01.07.05.
«Ура! Она приехала!
Наконец-то закончилось это невыносимое ожидание! Но все по порядку.
Утром я, по обыкновению, отправился к особняку Загурского. Однако вместо обычно запертых ворот увидел распахнутые настежь двери. Перед домом сновало множество людей, выгружавших вещи из двух дорожных колясок. Я подошел к одному из них, вышедшему со двора, и спросил:
— Скажи, любезный, приехал хозяин?
— Приехал, — подтвердил человек.
— Один, или с гостями?
— С гостями.
— А гостей много?
Он посмотрел на меня удивленным взглядом. Но я достал из кармана серебряный рубль и покрутил у него перед носом.
— Не много, — ответил человек, не отрывая зачарованного взгляда от монеты. — Пожилая дама с дочерью.
Сердце мое забилось очень быстро.
— Елагина? — уточнил я.
Человек почесал затылок.
— Это нам не известно, — ответил он с сожалением. — Наше дело маленькое: вещи в дом доставить.
— А гости? Дому уже? — настаивал я.
— Дома, — подтвердил человек. — Отдыхают с дороги.
Я бросил ему рубль, он поймал монету на лету. Я повернулся и пошел прочь.
Она приехала!
Через несколько минут мое восторженное состояние сменилось унынием.
Приехать-то она приехала, только где я смогу ее увидеть?
Вход на дачу к Загурскому мне заказан: хозяин не приглашал меня бывать у него. Явиться незваным гостем к человеку, с которым виделся всего несколько раз в жизни… нет, это невозможно.
Что же мне делать? Слоняться возле дома Загурского?
Я досадливо качнул головой и отмел это предложение.
Остается только одно: гулять по набережной в ожидании того дня, когда наши пути пересекутся».
06.07.05.
«Вот они и пересеклись.
Сегодня наконец увидел Сандру, гуляющую с матерью по набережной.
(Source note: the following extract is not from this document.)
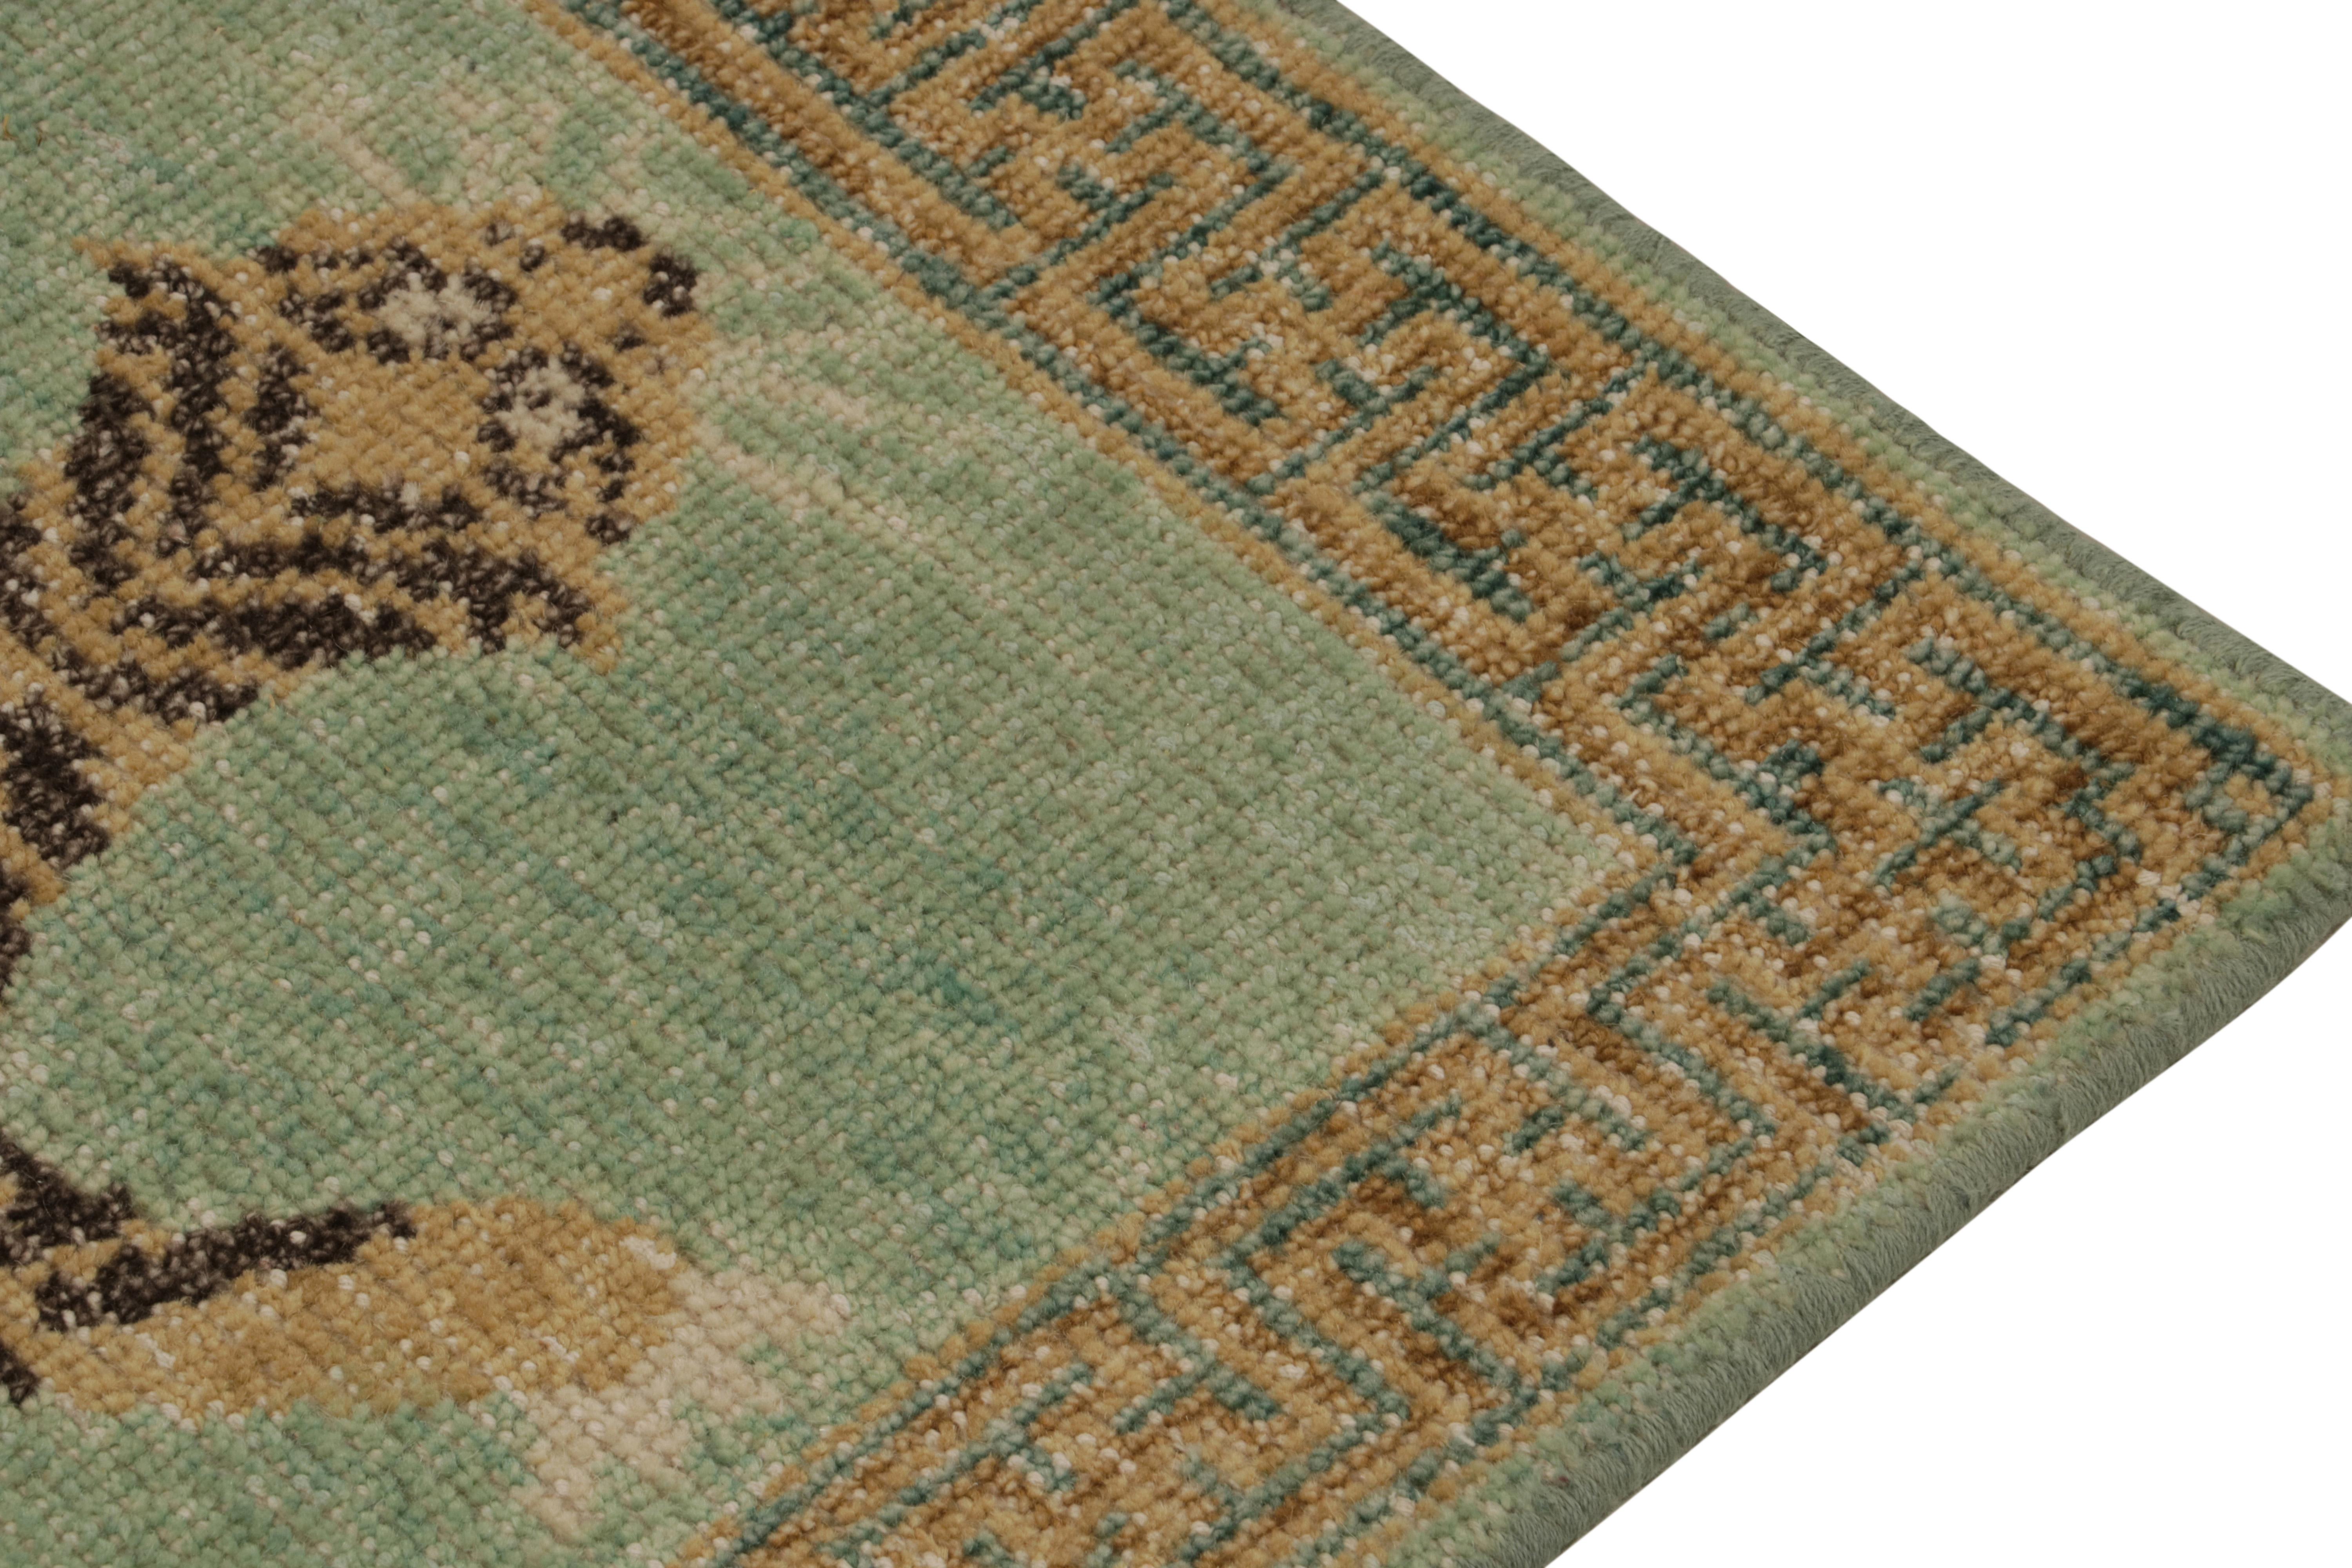 Hand-Knotted Rug & Kilim’s Distressed Tiger Skin Style Rug in Green, Beige & Black Pictorial For Sale

Загурского поблизости не было, и я рискнул подойти поздороваться. При виде меня лицо генеральши дрогнуло.
— Вы? — спросила она растерянно. Тут же спохватилась и вежливо добавила:
— Какими судьбами, Николай Антонович?
— У меня здесь дача, — ответил я со скрытым вызовом. Пускай попробуют доказать, что я приехал сюда не для отдыха. А с какими-то другими намерениями.
— Дача? — переспросила генеральша.
Я взглянул на Сандру. Она закрывалась зонтиком от жарких солнечных лучей, выражение ее лица было совершенно непроницаемым.
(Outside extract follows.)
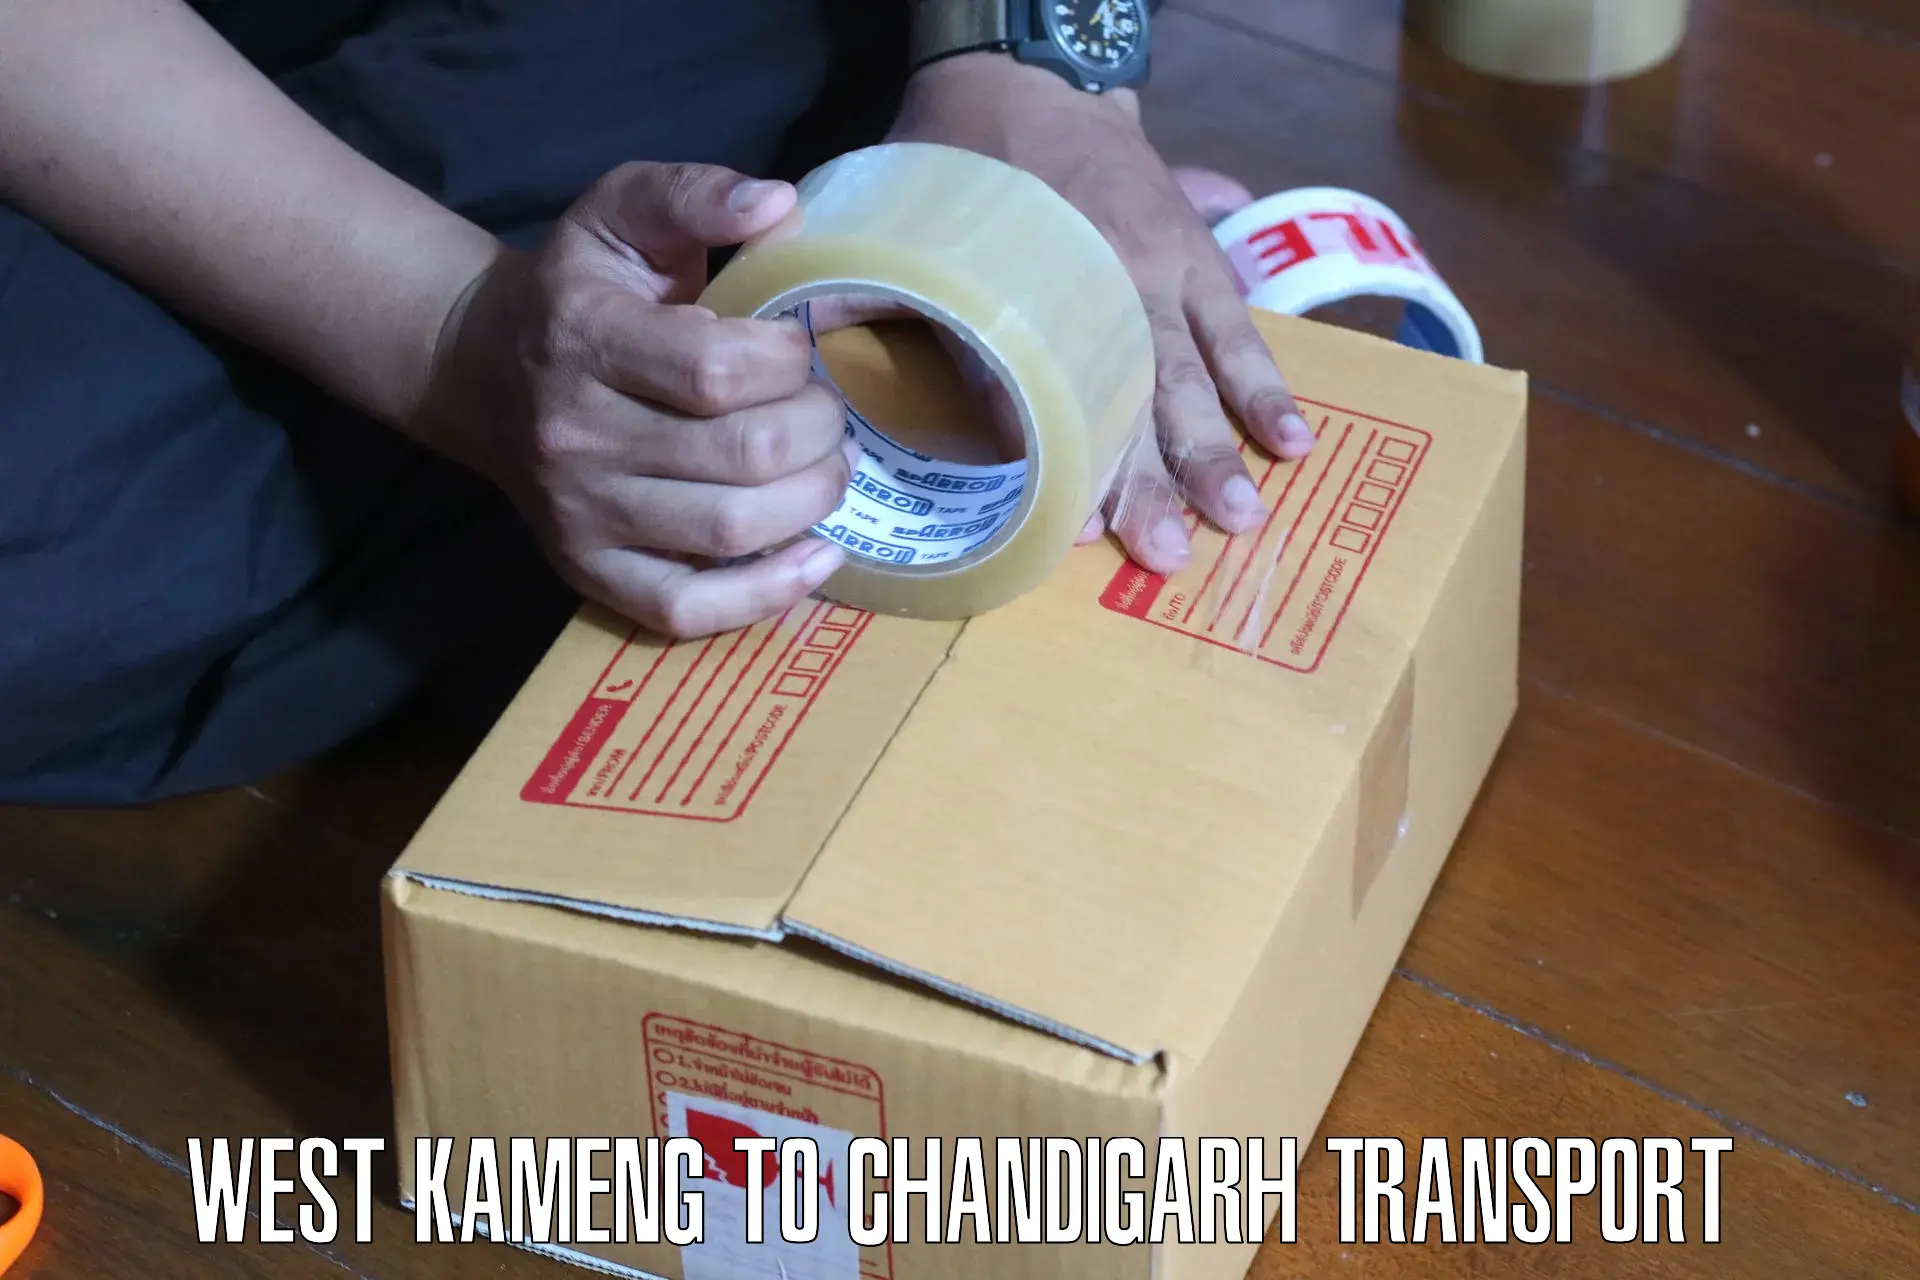 Furniture transport service in West Kameng to Chandigarh

— Здравствуйте, Александра Викторовна, — сказал я.
Она молча присела в неглубоком реверансе. Анна Ильинична тем временем оправилась от неприятной неожиданности и смогла продолжить разговор.
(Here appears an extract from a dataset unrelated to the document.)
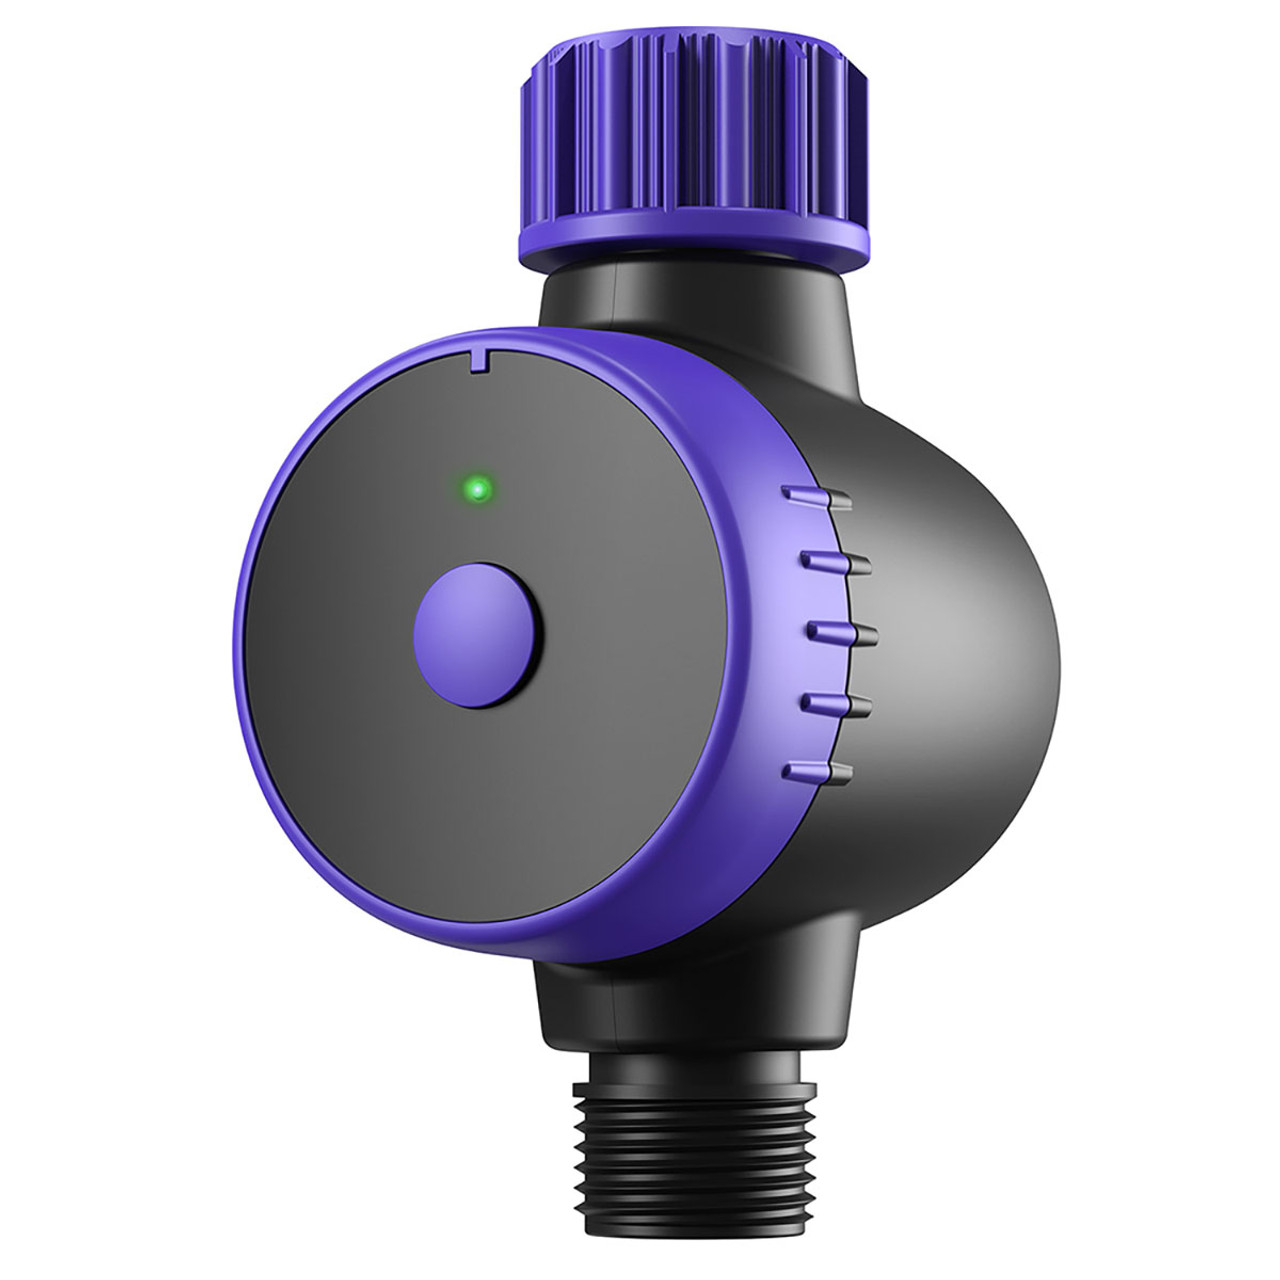 Smart Watering Timer, Automatic Garden Irrigation with Remote App product image

— А где же Елизавета Дмитриевна? — спросила она. — Надеюсь, вы не оставили ее в Петербурге?
— Она приехала вместе со мной, — ответил я, не отрывая взгляда от Сандры. — Но вынуждена была вернуться назад.
— Вот как? Отчего же?
Голос Елагиной становился все холодней и отчужденней.
— Ей не понравился здешний климат, — солгал я.
— Жаль, — сказала Анна Ильинична уже откровенно суровым тоном.
Я промолчал. Сандра не смотрела мне в лицо. Она следила взглядом за проезжающими экипажами.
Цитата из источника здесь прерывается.